An unsettling and visceral journey: powerful, twisted, and grim but ultimately uplifting.

Supernatural and uncomfortably human forces threaten to rip a failing town apart.

In the 19th century, Hudson, New York, was a bustling port and whaling town. The blood of the slaughtered whales soaked into the earth, and their powerful spiritual presence permeated the area. Twenty-first century Hudson is poised between decay and a gentrified rebirth thanks to newly arrived billionaire Jark Trowse and a coterie of investors turning local mom-and-pop shops and familiar but dingy diners into upscale antique stores and boutique eateries. The town is divided between those who welcome the new people and their money and those who are losing everything they love to the invasion.

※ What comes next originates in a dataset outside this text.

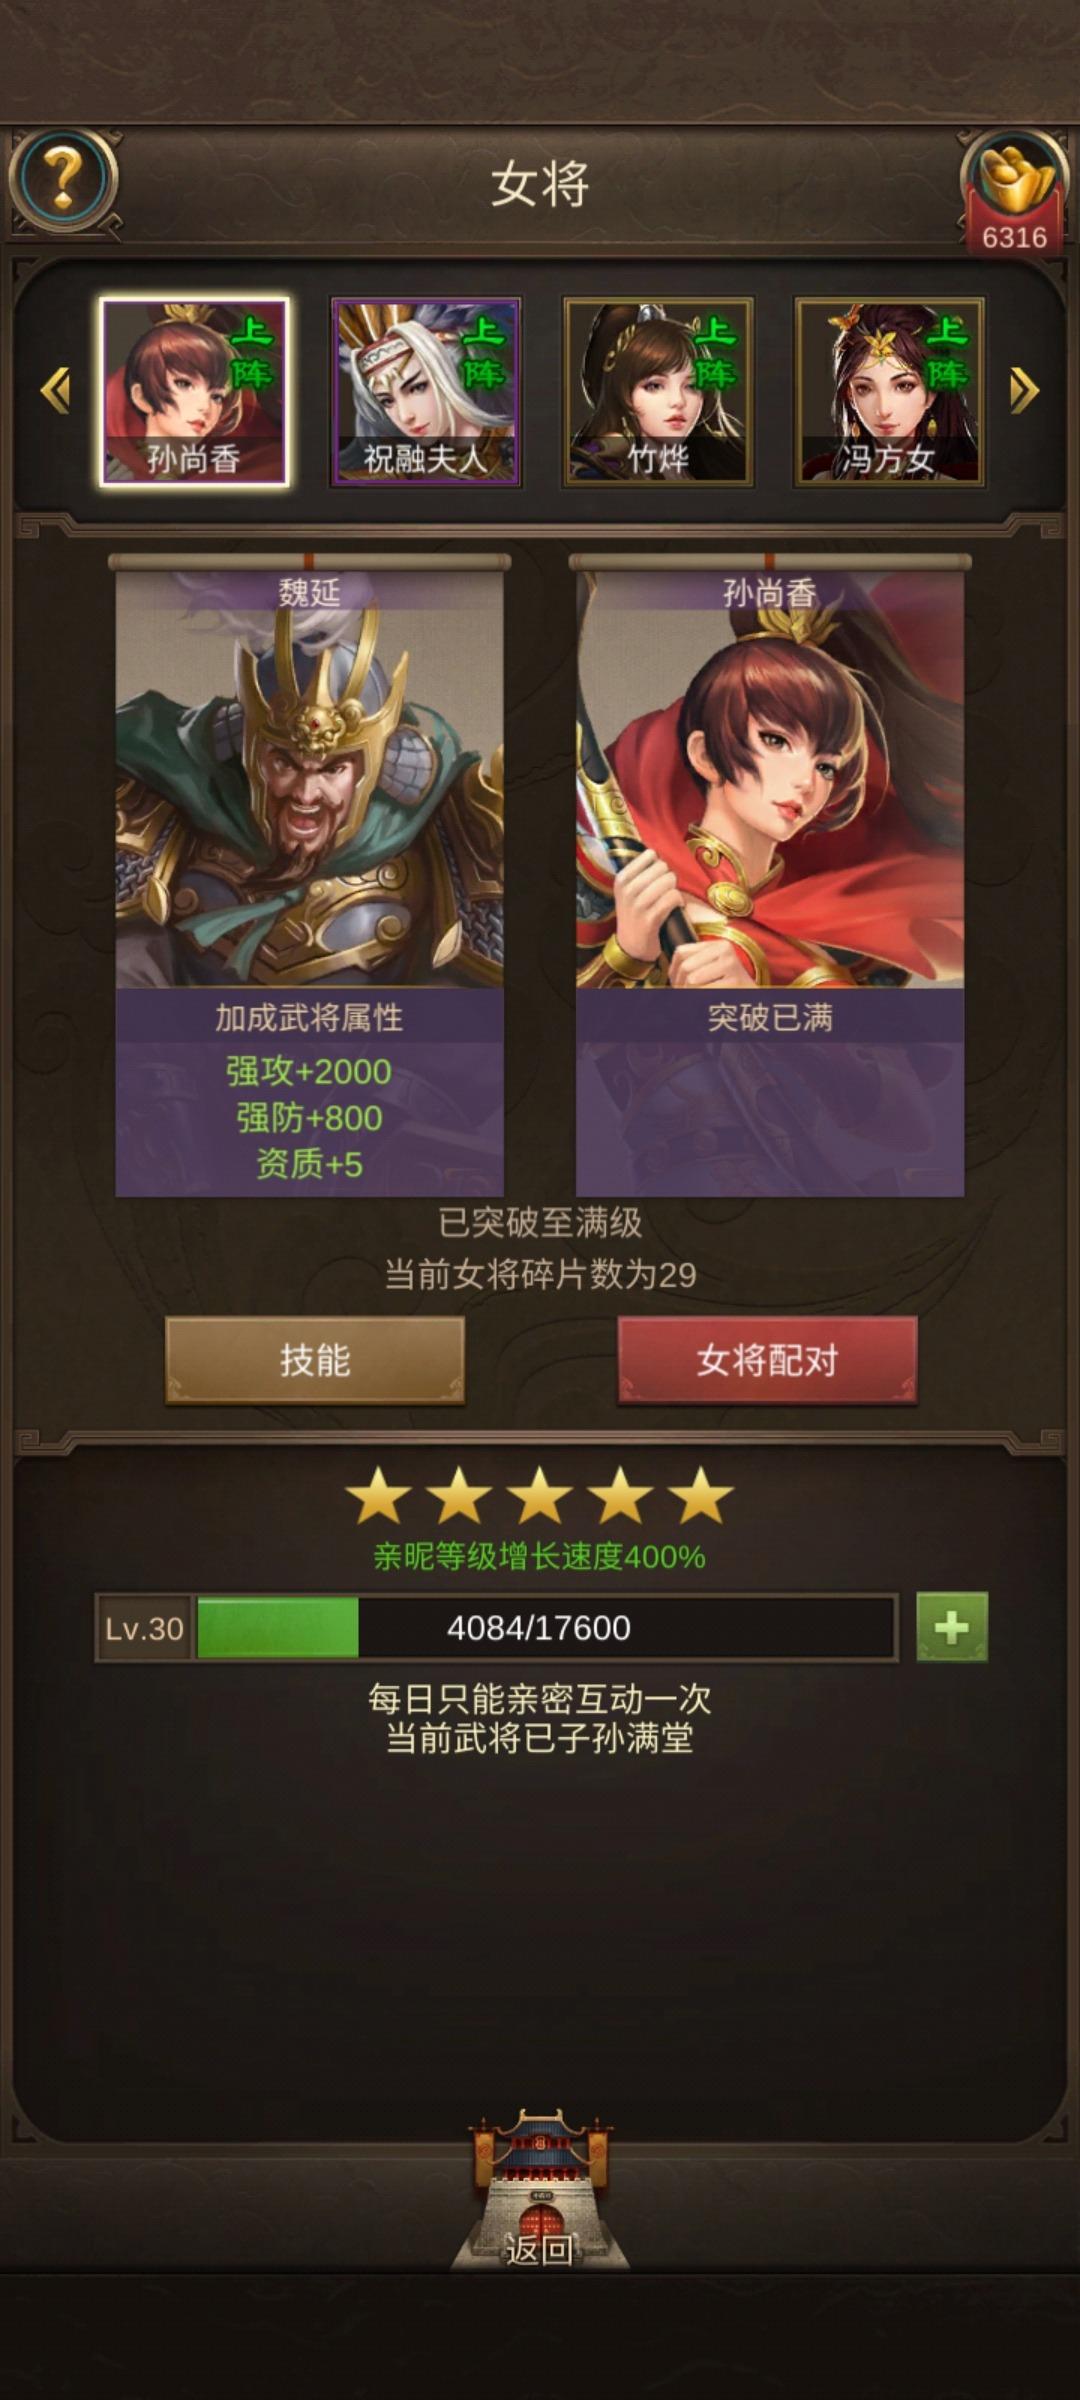 Screenshot_20210128_104250_juedi.tatuyin.rxsg.huawei.jpg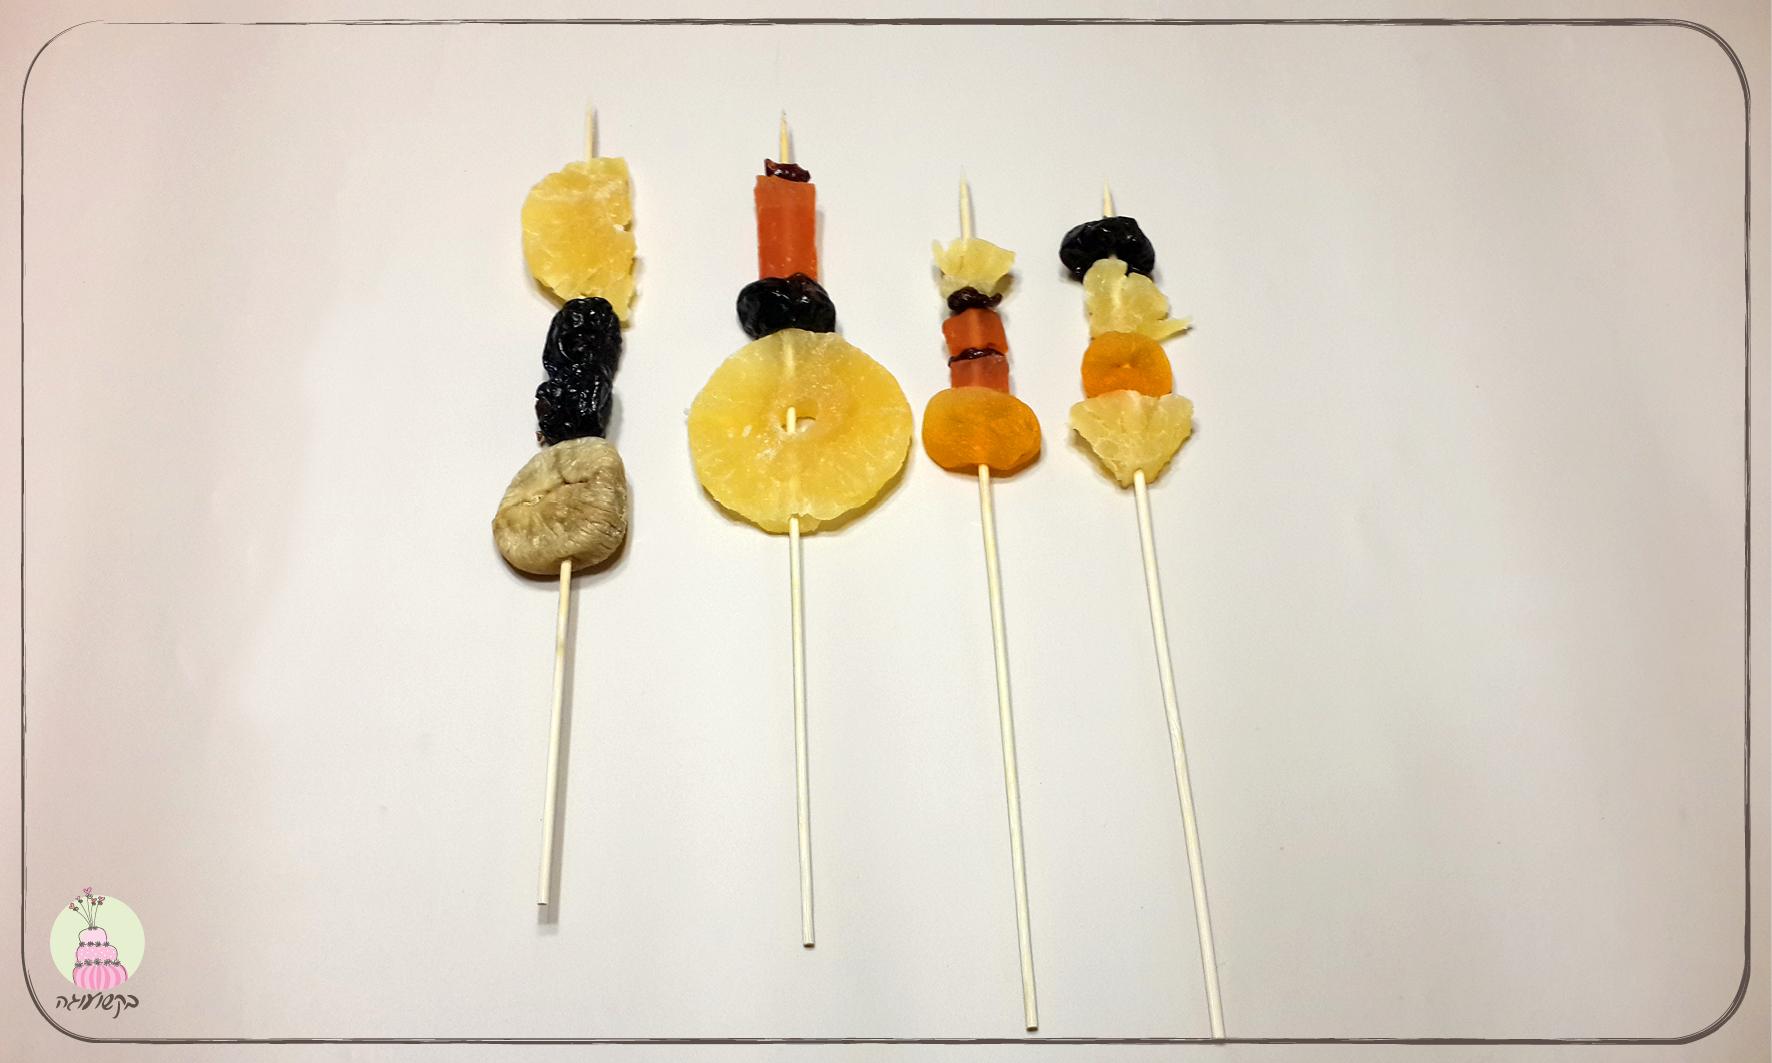 שיפודי פירות משפחתיים עם פרצופים מפוסלים בבצק סוכר- השלב הראשון

As Jark embarks on what will likely be a victorious mayoral campaign, whale and human ghosts lure Ronan Szepessy, a successful New York City photographer and recovering drug addict, back to the hometown that brutally rejected him for being gay and showed little sympathy when his mother committed suicide. Ronan is disgusted by the changes he sees in Hudson and despairs at the state of his father, a butcher whose shop failed and who is now declining into dementia. He embarks on a volatile plan with Attalah, a high school friend, to confound the gentrifiers even while he carries on a secret affair with her husband, Dom, a cop who is never quite accepted by the rest of the force because he’s Black. The town ghosts have granted Ronan powers that lend his efforts a supernatural heft, but Ronan’s complex feelings about his past and the people of Hudson also rouse darker forces that tip the town toward violence and chaos. It’s amazing how several of the same motifs that appeared in Miller’s cli-fi novel Blackfish City (2018)—whales, the abyss between the rich and poor, the struggle for housing, and a mysterious broadcast which brings hope—appear in this novel but in entirely fresh and equally effective shapes. The story is also strongly informed by Miller’s own history as a gay man brought up in Hudson, the son of a butcher who lost his shop to a big-box store.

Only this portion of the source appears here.